**WHAT IS NEEDED:**
In the reply, include exactly the lines of the entries below from the first to the line with "Deco Relief Intense Green Food Colour, 50g", that line included.

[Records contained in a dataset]

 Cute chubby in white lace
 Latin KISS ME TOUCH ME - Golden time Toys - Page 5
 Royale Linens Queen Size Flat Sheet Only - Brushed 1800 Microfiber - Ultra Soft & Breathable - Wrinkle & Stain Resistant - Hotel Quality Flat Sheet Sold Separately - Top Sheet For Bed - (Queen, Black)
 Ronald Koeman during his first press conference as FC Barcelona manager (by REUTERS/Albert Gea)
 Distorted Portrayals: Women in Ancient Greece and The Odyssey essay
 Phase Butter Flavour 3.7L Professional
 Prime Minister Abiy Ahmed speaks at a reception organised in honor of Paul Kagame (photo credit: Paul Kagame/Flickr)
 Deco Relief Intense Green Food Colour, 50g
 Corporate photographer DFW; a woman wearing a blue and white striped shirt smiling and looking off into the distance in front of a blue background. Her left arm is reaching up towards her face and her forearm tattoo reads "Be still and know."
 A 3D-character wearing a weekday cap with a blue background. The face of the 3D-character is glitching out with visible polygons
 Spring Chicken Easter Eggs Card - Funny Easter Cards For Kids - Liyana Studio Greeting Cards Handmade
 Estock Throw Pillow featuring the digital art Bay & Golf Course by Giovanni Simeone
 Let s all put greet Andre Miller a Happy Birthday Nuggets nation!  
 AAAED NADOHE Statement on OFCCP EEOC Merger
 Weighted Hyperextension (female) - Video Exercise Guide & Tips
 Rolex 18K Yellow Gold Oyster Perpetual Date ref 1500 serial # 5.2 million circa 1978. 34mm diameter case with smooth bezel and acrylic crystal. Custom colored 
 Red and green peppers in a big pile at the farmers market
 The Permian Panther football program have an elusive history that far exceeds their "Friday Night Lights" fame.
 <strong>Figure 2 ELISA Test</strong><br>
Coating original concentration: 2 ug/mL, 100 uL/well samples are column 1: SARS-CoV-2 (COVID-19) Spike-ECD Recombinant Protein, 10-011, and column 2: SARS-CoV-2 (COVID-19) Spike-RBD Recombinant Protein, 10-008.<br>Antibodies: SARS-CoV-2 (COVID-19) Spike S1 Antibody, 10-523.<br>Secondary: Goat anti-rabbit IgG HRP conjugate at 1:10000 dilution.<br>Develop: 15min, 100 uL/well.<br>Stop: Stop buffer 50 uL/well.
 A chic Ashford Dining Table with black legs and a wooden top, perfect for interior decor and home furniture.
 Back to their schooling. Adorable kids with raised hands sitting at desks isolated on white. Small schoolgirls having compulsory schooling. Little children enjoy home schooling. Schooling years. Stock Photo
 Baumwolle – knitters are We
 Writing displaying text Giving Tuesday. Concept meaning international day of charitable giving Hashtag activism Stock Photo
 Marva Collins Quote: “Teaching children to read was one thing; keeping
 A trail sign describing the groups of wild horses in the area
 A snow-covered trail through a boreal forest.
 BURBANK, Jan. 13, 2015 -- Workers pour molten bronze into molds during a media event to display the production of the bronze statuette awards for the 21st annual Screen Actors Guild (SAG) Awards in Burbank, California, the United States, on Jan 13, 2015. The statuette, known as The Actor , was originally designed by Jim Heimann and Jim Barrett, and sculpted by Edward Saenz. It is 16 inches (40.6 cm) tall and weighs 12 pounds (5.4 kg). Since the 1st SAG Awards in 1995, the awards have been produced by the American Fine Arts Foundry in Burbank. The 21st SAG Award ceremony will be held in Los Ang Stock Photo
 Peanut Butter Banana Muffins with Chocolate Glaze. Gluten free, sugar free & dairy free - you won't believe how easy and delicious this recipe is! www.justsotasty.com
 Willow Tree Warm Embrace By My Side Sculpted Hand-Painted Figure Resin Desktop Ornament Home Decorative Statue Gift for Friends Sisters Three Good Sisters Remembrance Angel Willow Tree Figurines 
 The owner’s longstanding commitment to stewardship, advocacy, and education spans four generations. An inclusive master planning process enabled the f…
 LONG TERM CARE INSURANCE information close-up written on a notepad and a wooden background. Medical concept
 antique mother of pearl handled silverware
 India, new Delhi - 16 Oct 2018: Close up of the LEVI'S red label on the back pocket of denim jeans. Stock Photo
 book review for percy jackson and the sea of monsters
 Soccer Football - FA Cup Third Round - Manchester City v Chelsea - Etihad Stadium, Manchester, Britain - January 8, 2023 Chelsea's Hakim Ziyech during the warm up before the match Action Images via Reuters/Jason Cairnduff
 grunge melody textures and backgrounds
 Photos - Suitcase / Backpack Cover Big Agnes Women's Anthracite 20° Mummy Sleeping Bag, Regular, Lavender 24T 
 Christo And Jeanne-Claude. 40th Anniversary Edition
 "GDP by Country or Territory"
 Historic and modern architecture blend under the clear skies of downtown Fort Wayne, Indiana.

**RESPONSE:**
 Cute chubby in white lace
 Latin KISS ME TOUCH ME - Golden time Toys - Page 5
 Royale Linens Queen Size Flat Sheet Only - Brushed 1800 Microfiber - Ultra Soft & Breathable - Wrinkle & Stain Resistant - Hotel Quality Flat Sheet Sold Separately - Top Sheet For Bed - (Queen, Black)
 Ronald Koeman during his first press conference as FC Barcelona manager (by REUTERS/Albert Gea)
 Distorted Portrayals: Women in Ancient Greece and The Odyssey essay
 Phase Butter Flavour 3.7L Professional
 Prime Minister Abiy Ahmed speaks at a reception organised in honor of Paul Kagame (photo credit: Paul Kagame/Flickr)
 Deco Relief Intense Green Food Colour, 50g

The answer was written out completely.